- **THE TASK**
All the data should be repeated exactly. Any image in it is left out.

- **THE DATA**
BEGIN
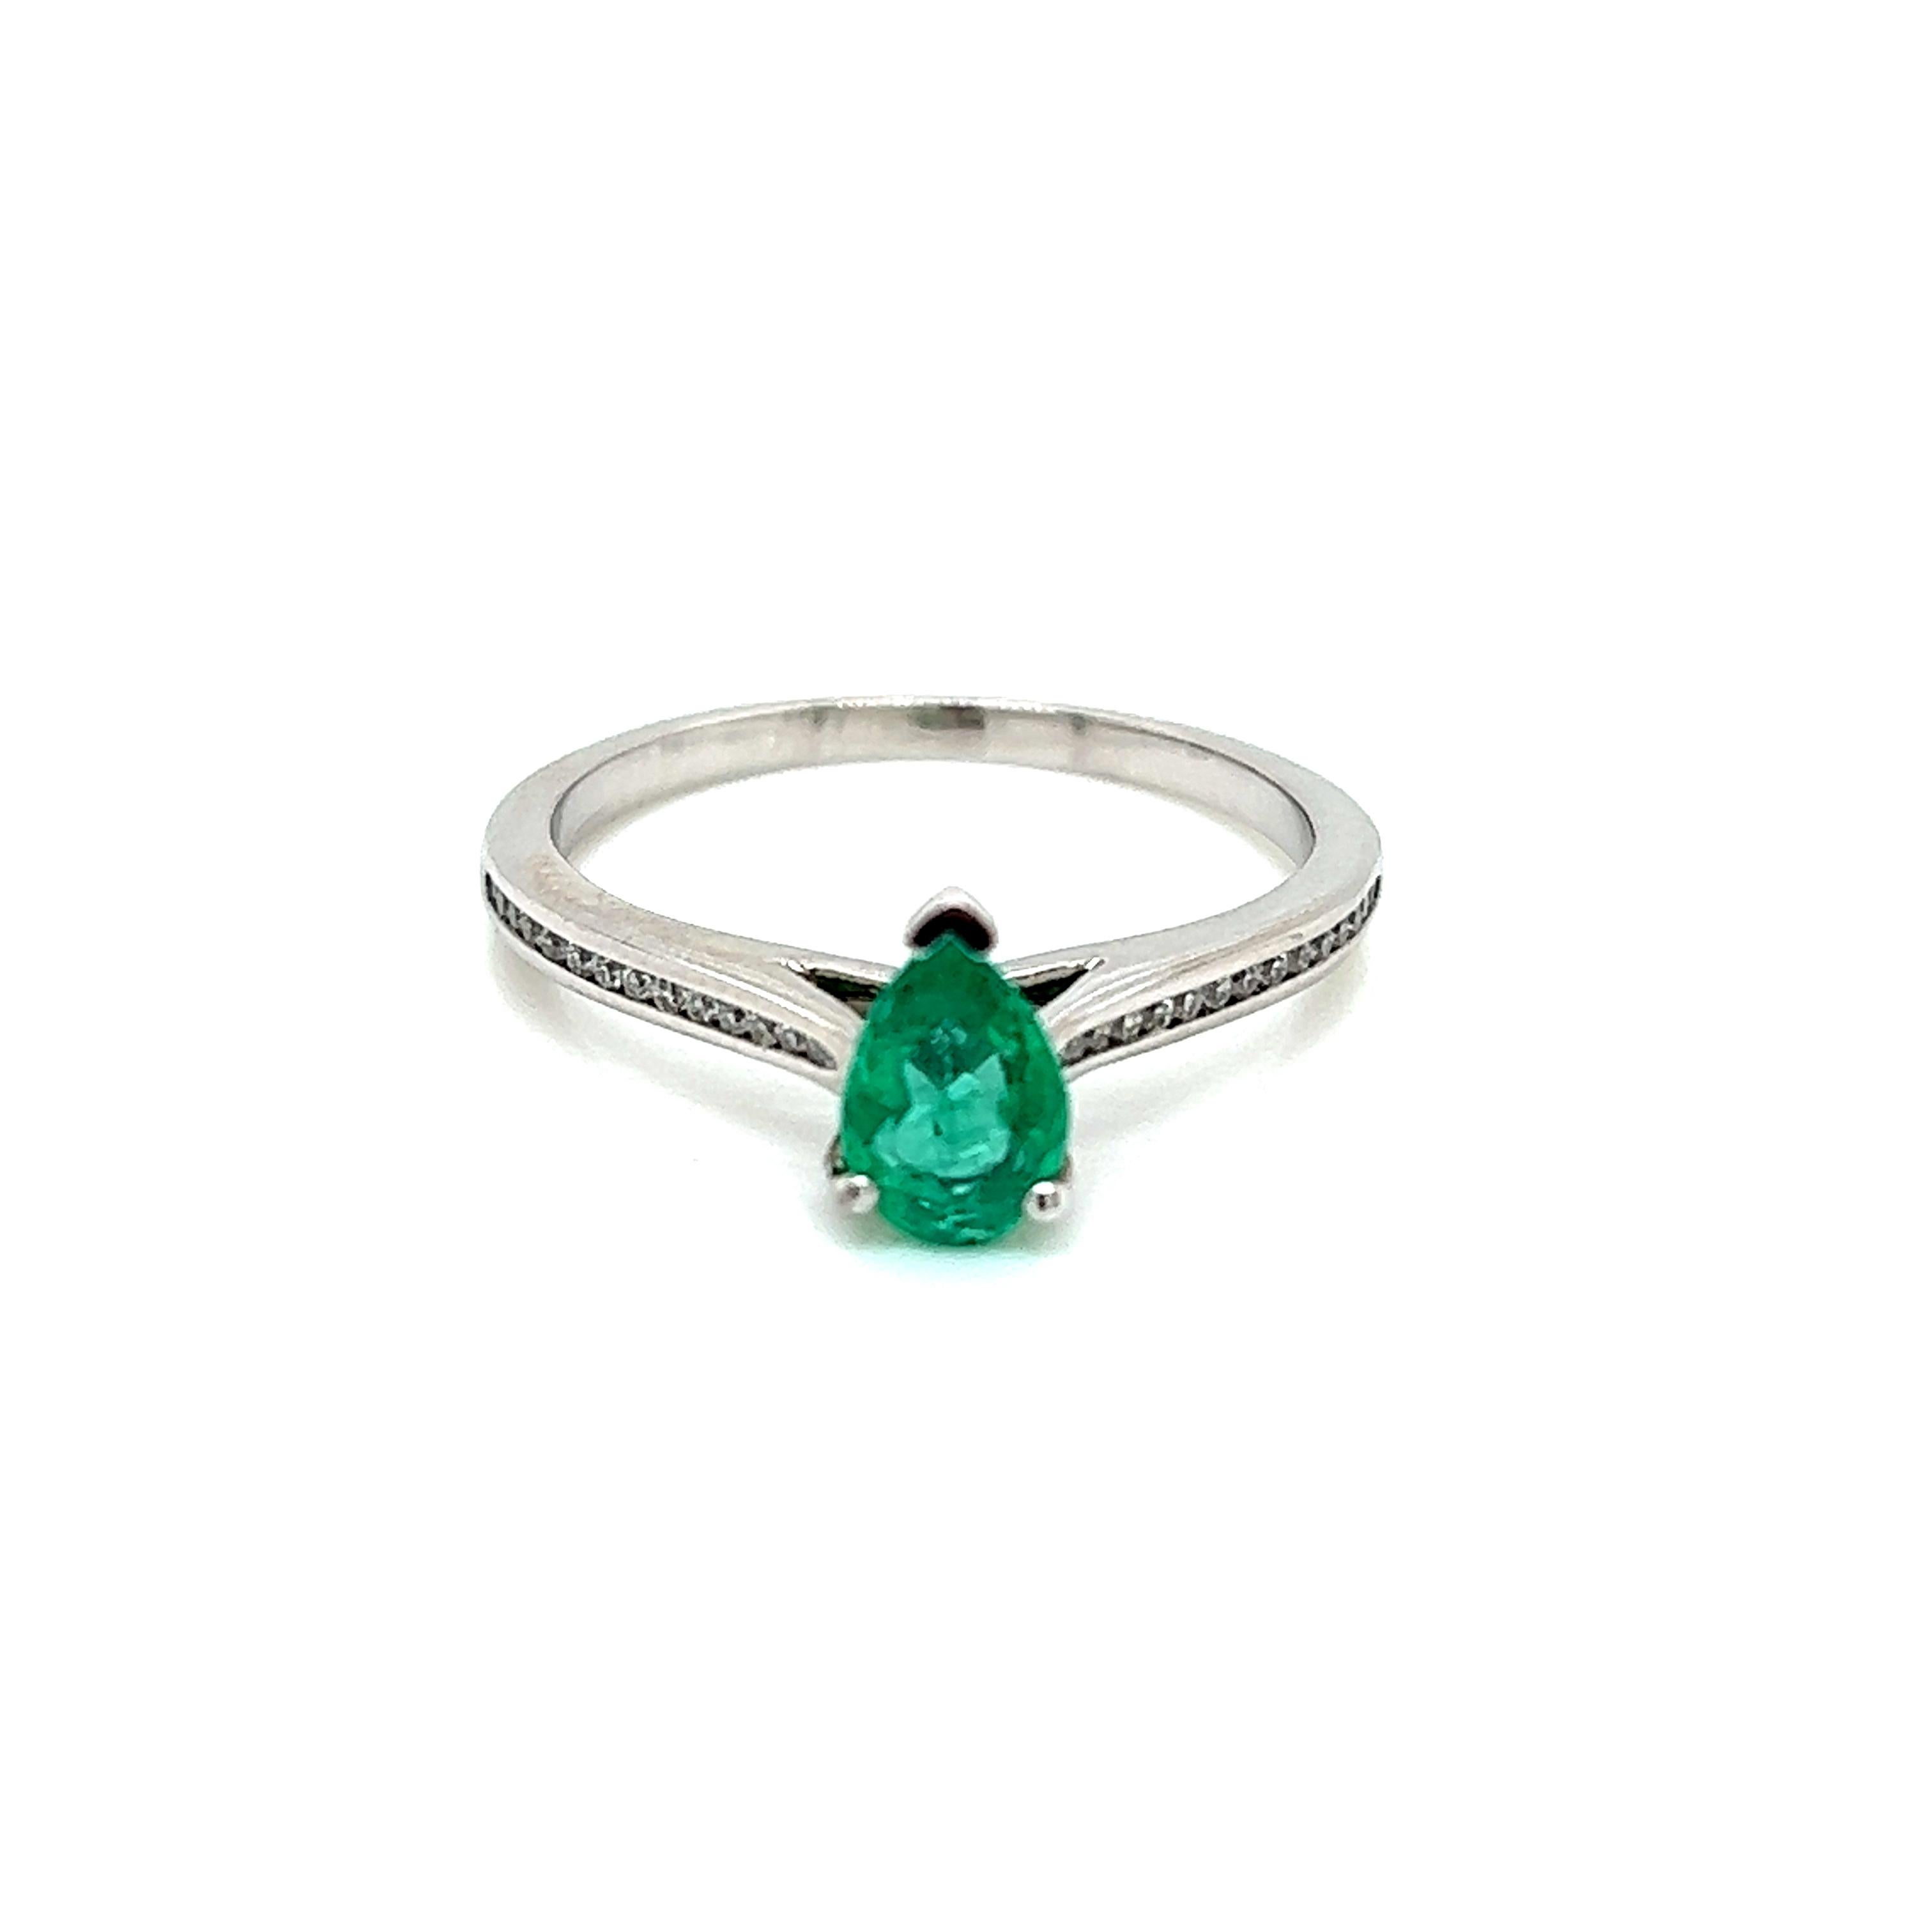 0.45 Carat Pear Shape Emerald and Diamond Ring in 18 Karat White Gold

This gorgeous ring features a luscious pear-cut Emerald held in a claw setting on a Diamond encrusted 18K White Gold band.

The Emerald weighs a total of 0.45 carats. It is an
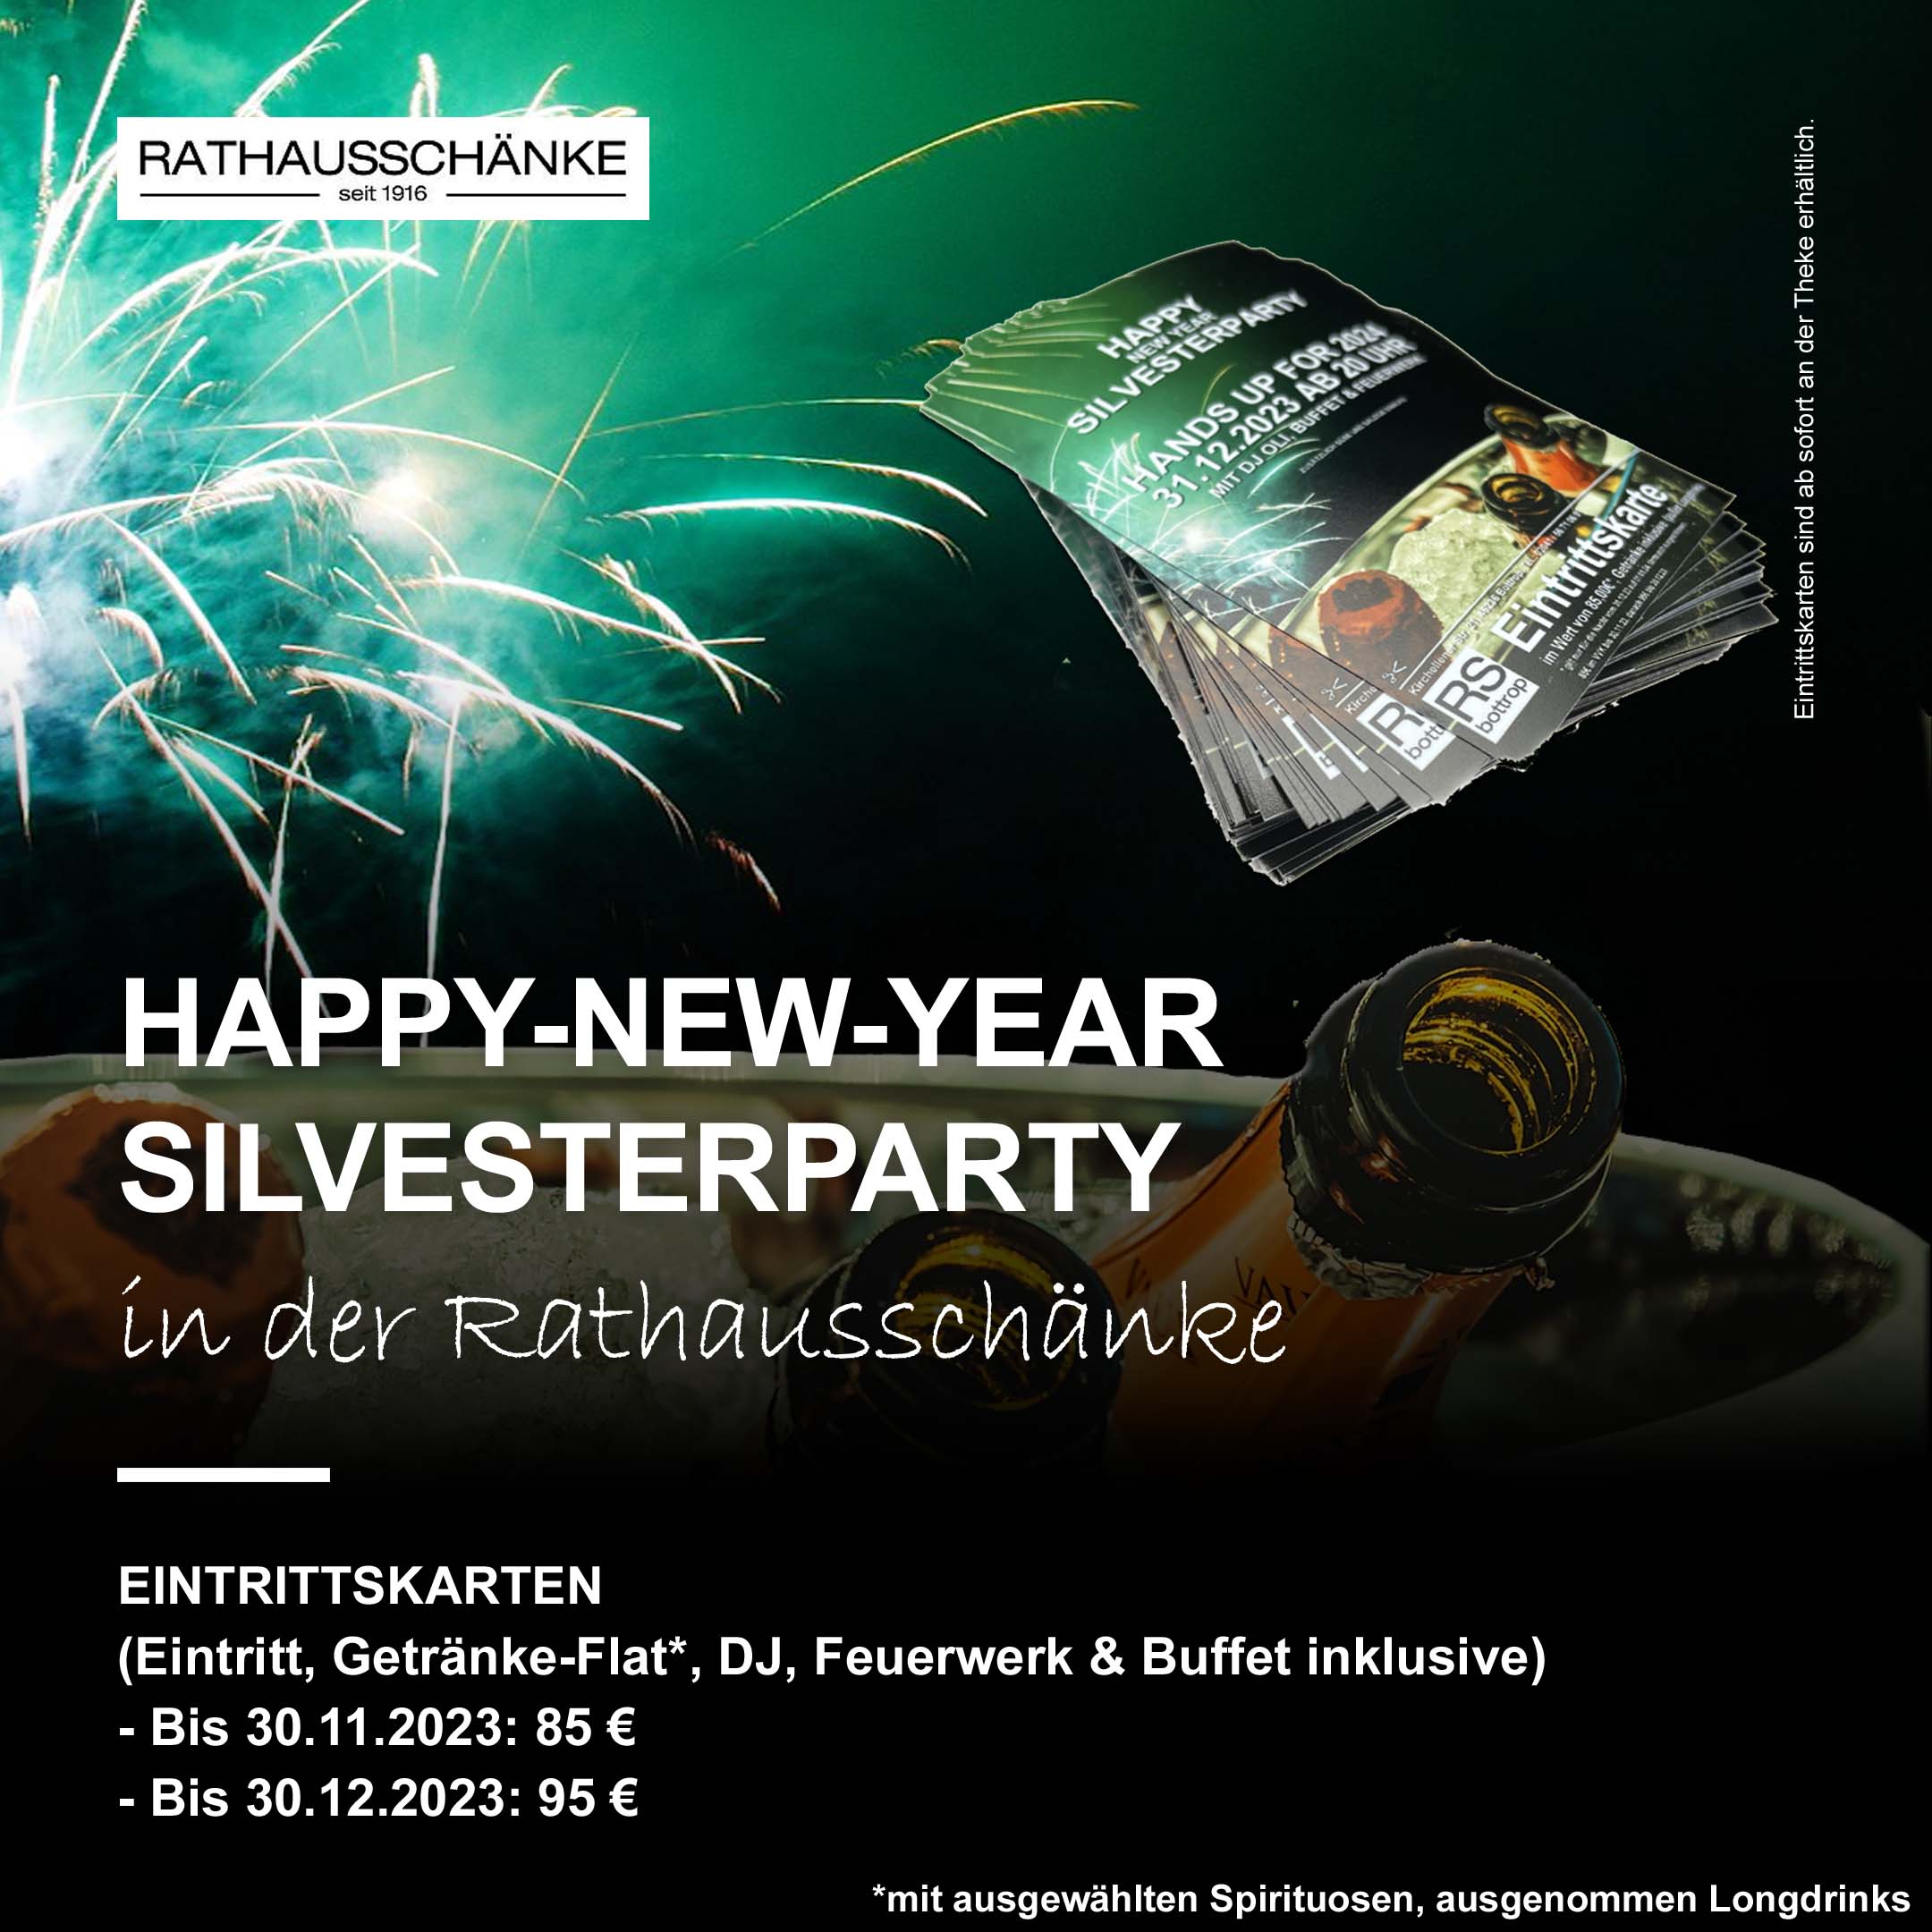 HAPPY-NEW-YEAR Silvesterparty
END
- **OUTPUT OF THE EXERCISE**
 0.45 Carat Pear Shape Emerald and Diamond Ring in 18 Karat White Gold

This gorgeous ring features a luscious pear-cut Emerald held in a claw setting on a Diamond encrusted 18K White Gold band.

The Emerald weighs a total of 0.45 carats. It is an
 HAPPY-NEW-YEAR Silvesterparty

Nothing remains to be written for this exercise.